## Exercise objective
Using the listing below, please print exactly the lines from the one with "brązowe buty eleganckie ze skóry naturalnej" through the one with "Андрій Федінчик з голим торсом". Leave out every picture.

--- Material shown Enclosed Below ---

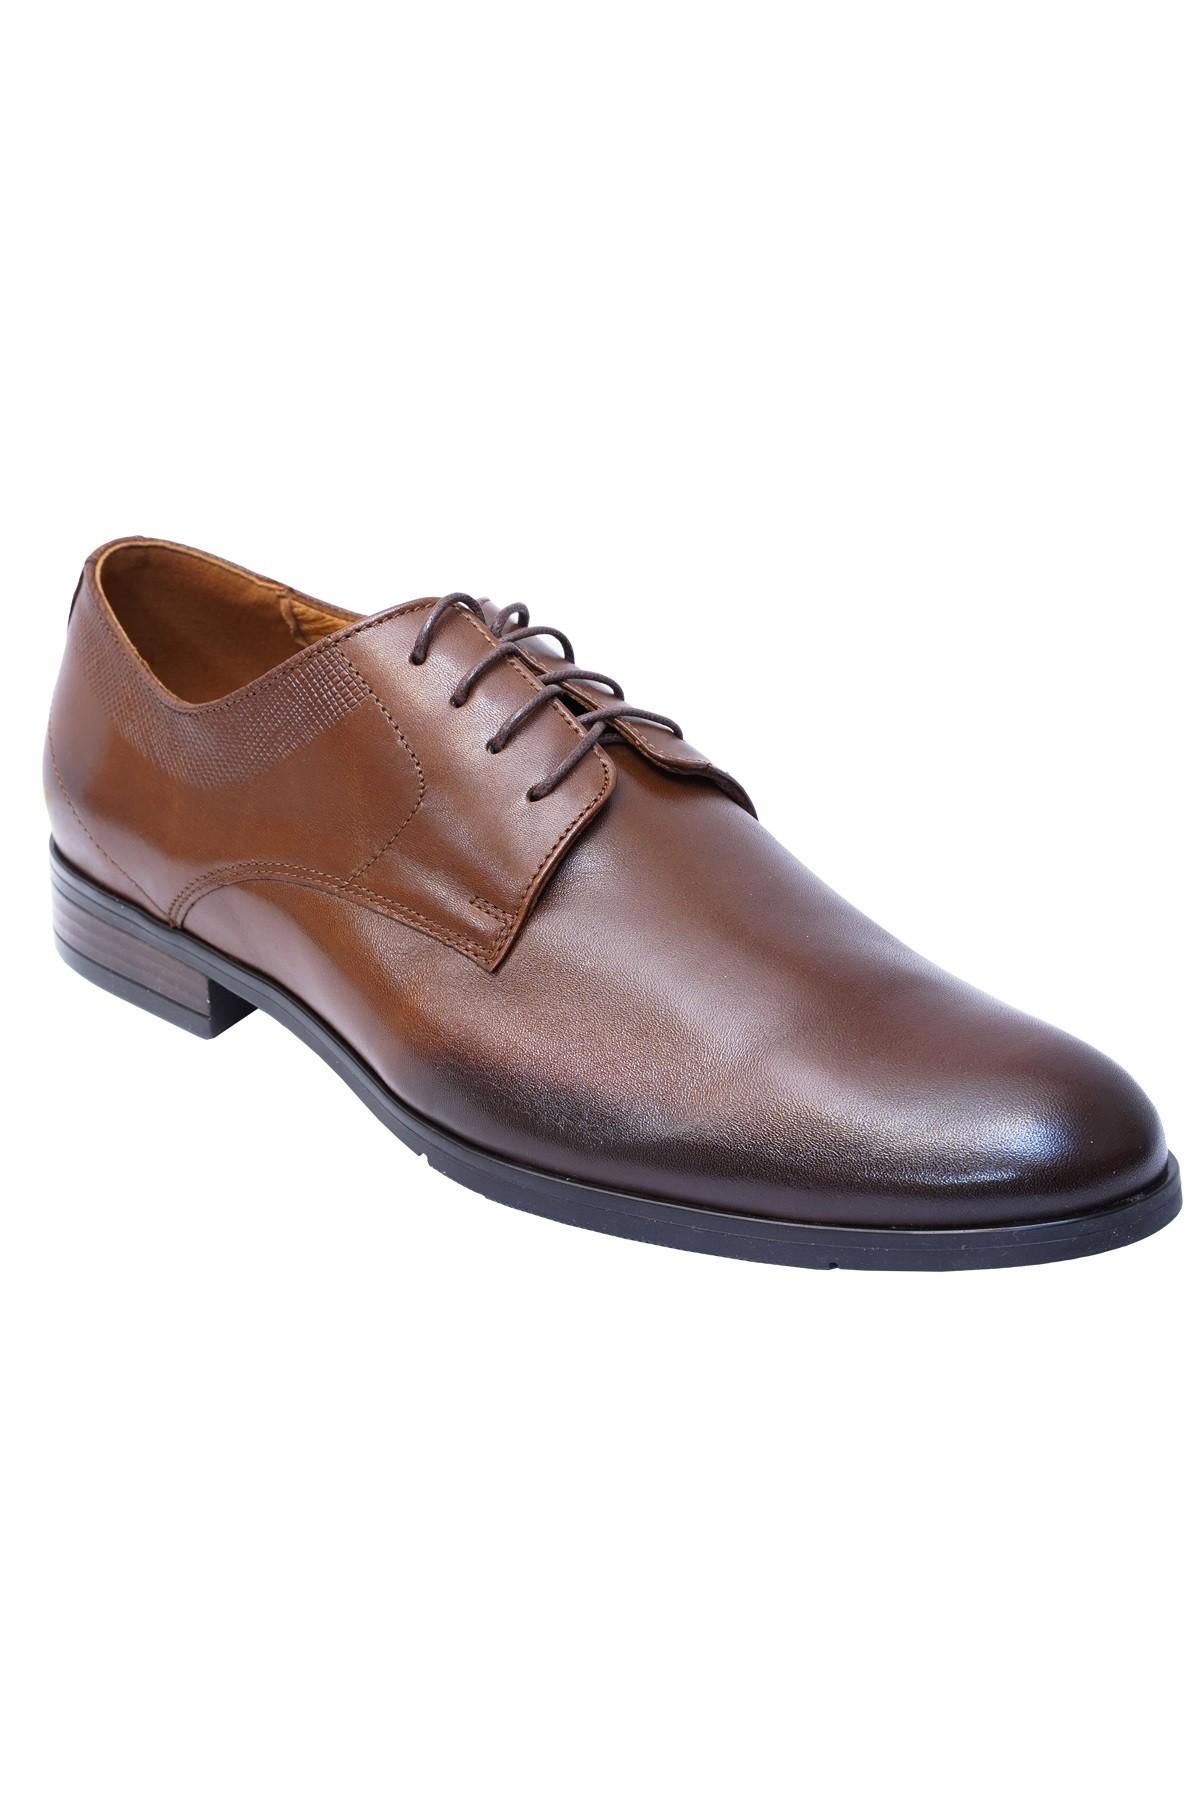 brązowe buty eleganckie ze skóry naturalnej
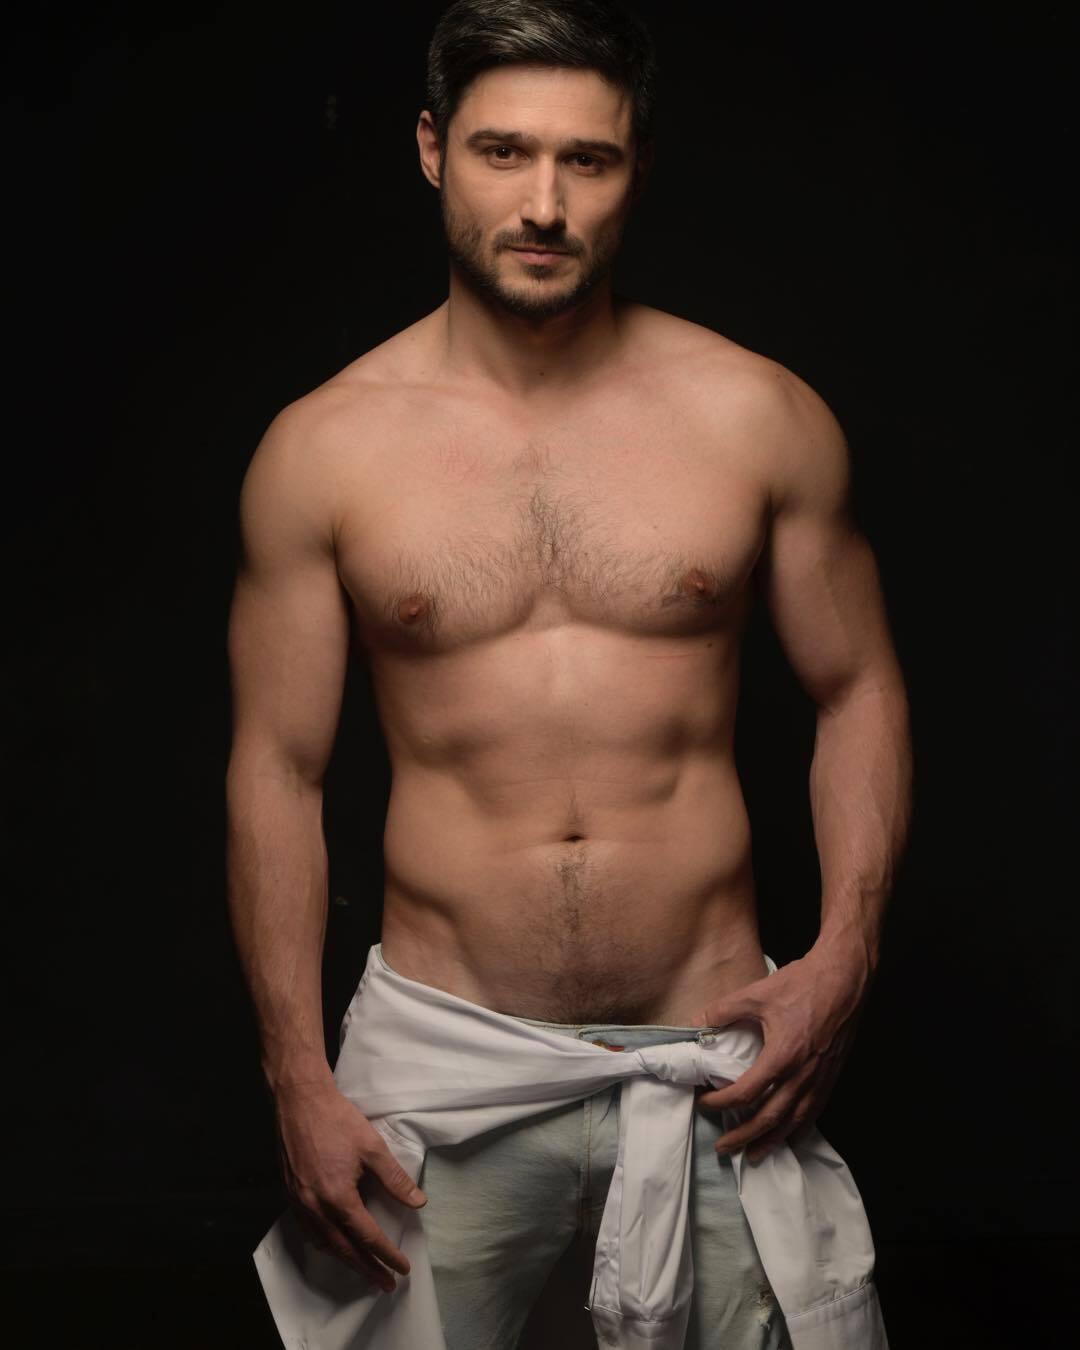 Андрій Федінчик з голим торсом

--- End of Enclosed Material shown ---
--- Material shown Enclosed Below ---

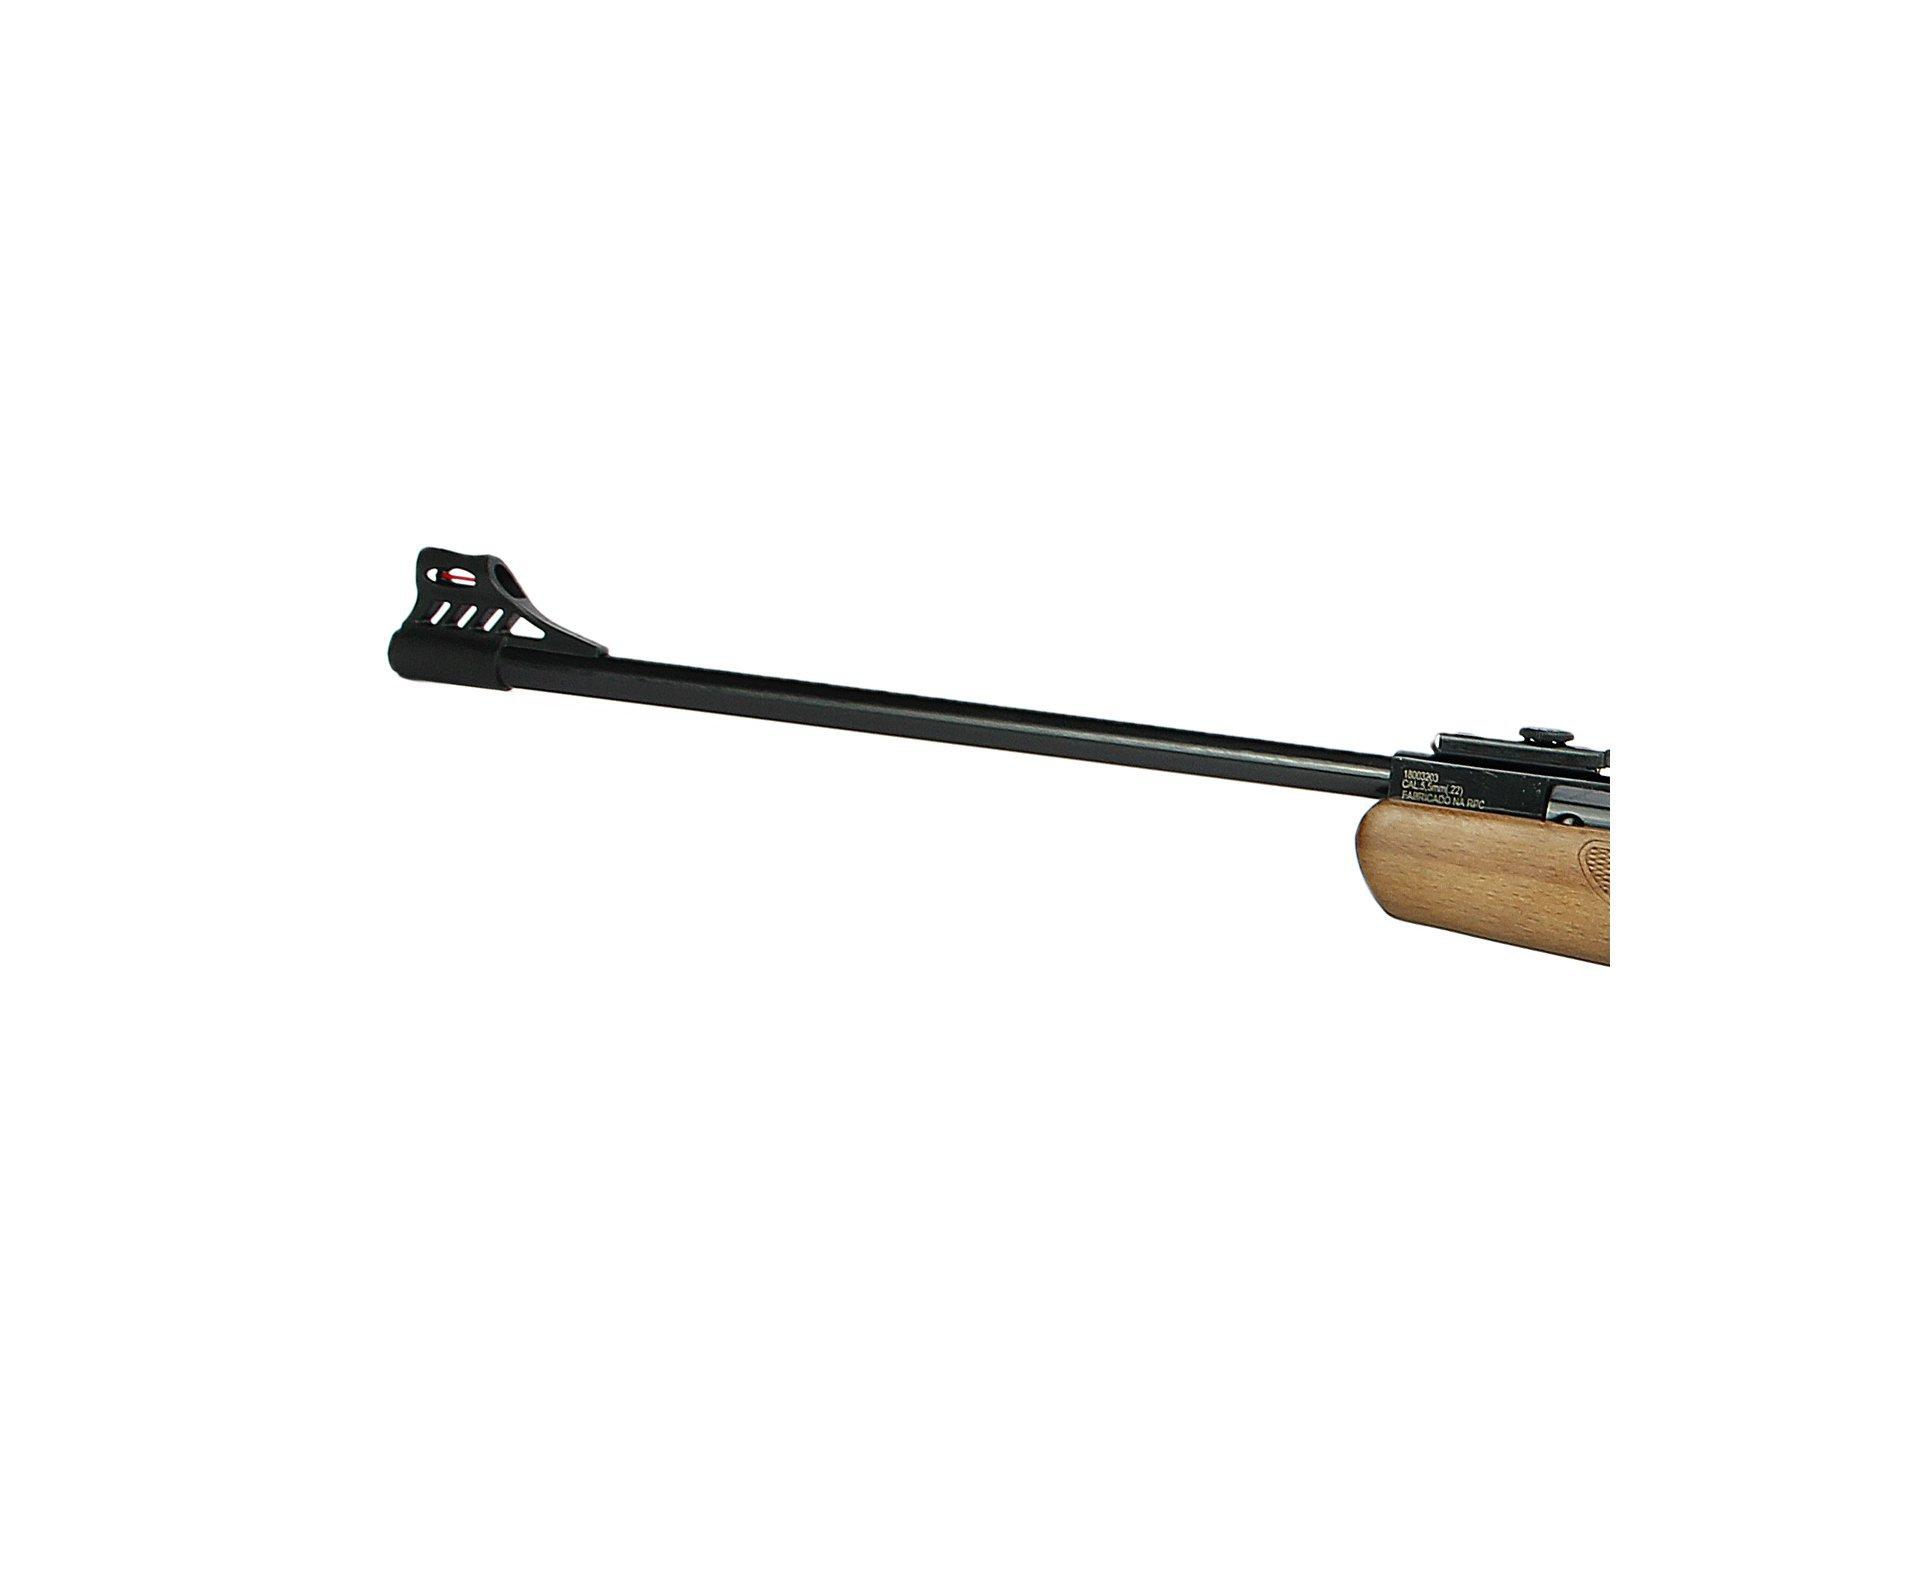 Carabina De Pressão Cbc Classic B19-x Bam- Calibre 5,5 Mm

--- End of Enclosed Material shown ---

## Response to the task
 brązowe buty eleganckie ze skóry naturalnej
 Андрій Федінчик з голим торсом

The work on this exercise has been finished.